Labour

Public sector is the place to be

Re: Comments about Patty Ducharme’s letter published on March 9, 2011, in the National Post

The debate on whether or not public sector employees are better paid than their private sector counterparts is an old one and is not about to be settled anytime soon.

First, comparisons are often difficult to make as some public sector positions do not have real private sector equivalents.

Secondly, in Quebec for example, the salary of public sector employees (i.e. only taking into account the hourly rate) tends to be lower than the salary of comparable positions in companies which employ 200 employees or more.

However, this assessment changes quite a bit when we look at total compensation rather than just at the hourly rate. Indeed, when employee benefits are taken into account, including defined benefit pension plans (and the huge actuarial advantage that a public sector employee gains from not having to leave his position if he does not want to because of job security), the number of hours worked, the number of paid vacations and days of sick leave, and so on, then we can say that public sector employees are paid more, for most positions, most of the time.
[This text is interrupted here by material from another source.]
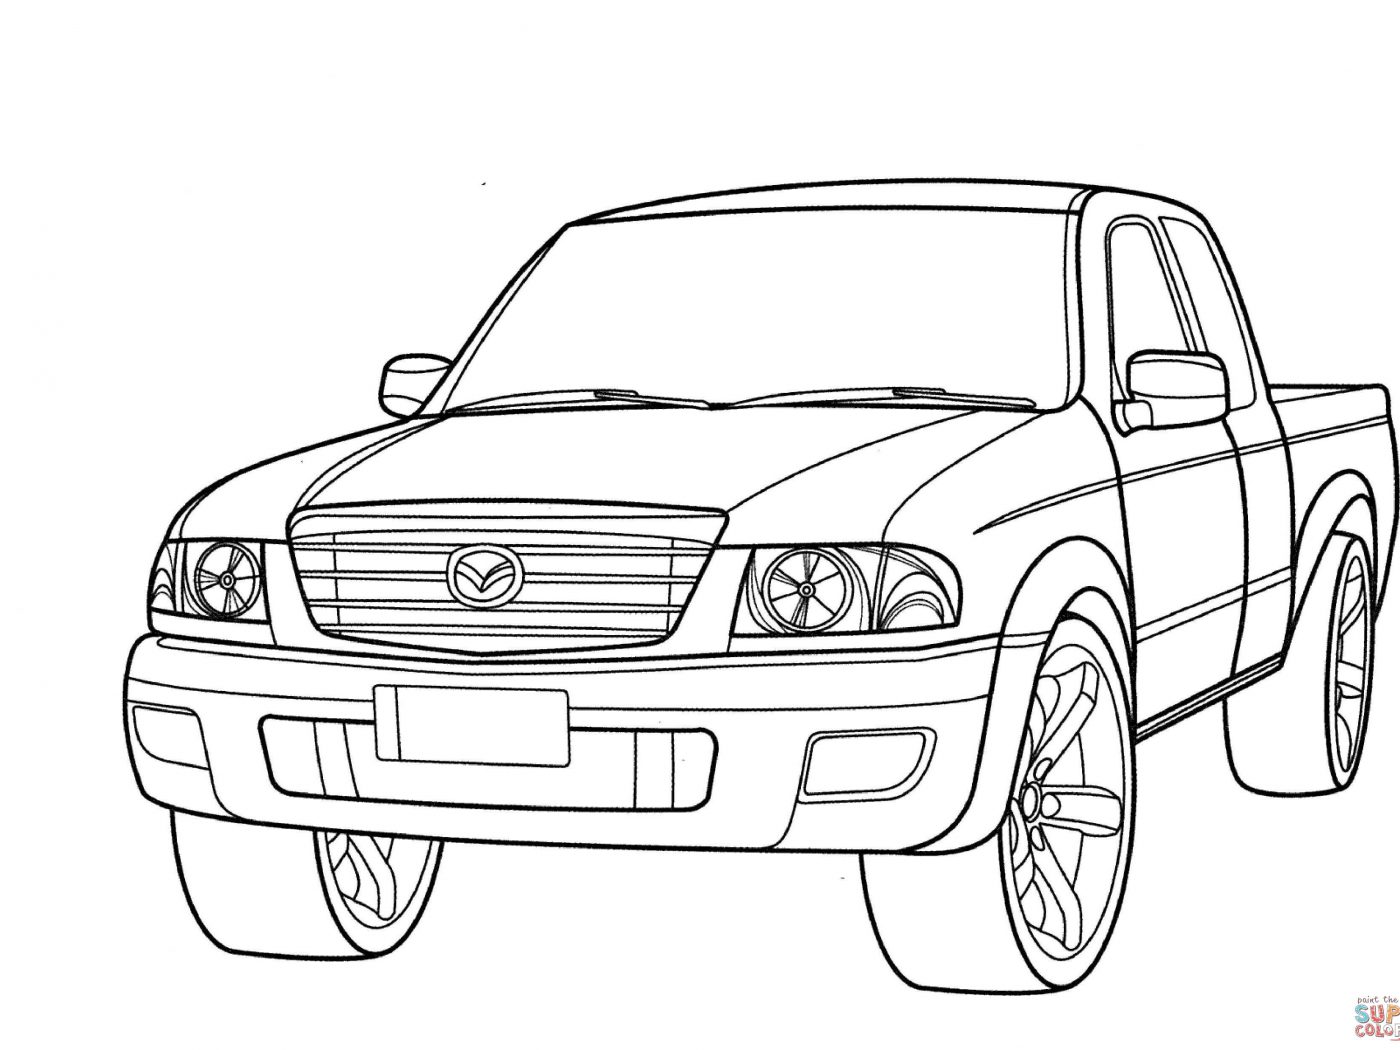 Gmc Truck Coloring Pages at GetColorings.com  Free printable colorings

I suspect that this is also true at the federal level as well as in other provinces.

But the ultimate test will not come from studies by the Montreal Economic Institute, the Frontier Centre for Public Policy, the Canadian Centre for Policy Alternatives or any other think tank, whether “right wing,” “left wing” or ideologically clueless. Indeed, the real test is that of the market: i.e. do public administrations generally have problem recruiting people? Are public sector employees massively resigning from their jobs in order to go work in the private sector? The answer, clearly, is no. Conversely, most private sector workers that I know (except the ones at the upper end of the executive class) would leave their private sector job tomorrow morning in exchange for a full time position with job security within the public sector.

Michel Kelly-Gagnon is President and CEO of the Montreal Economic Institute.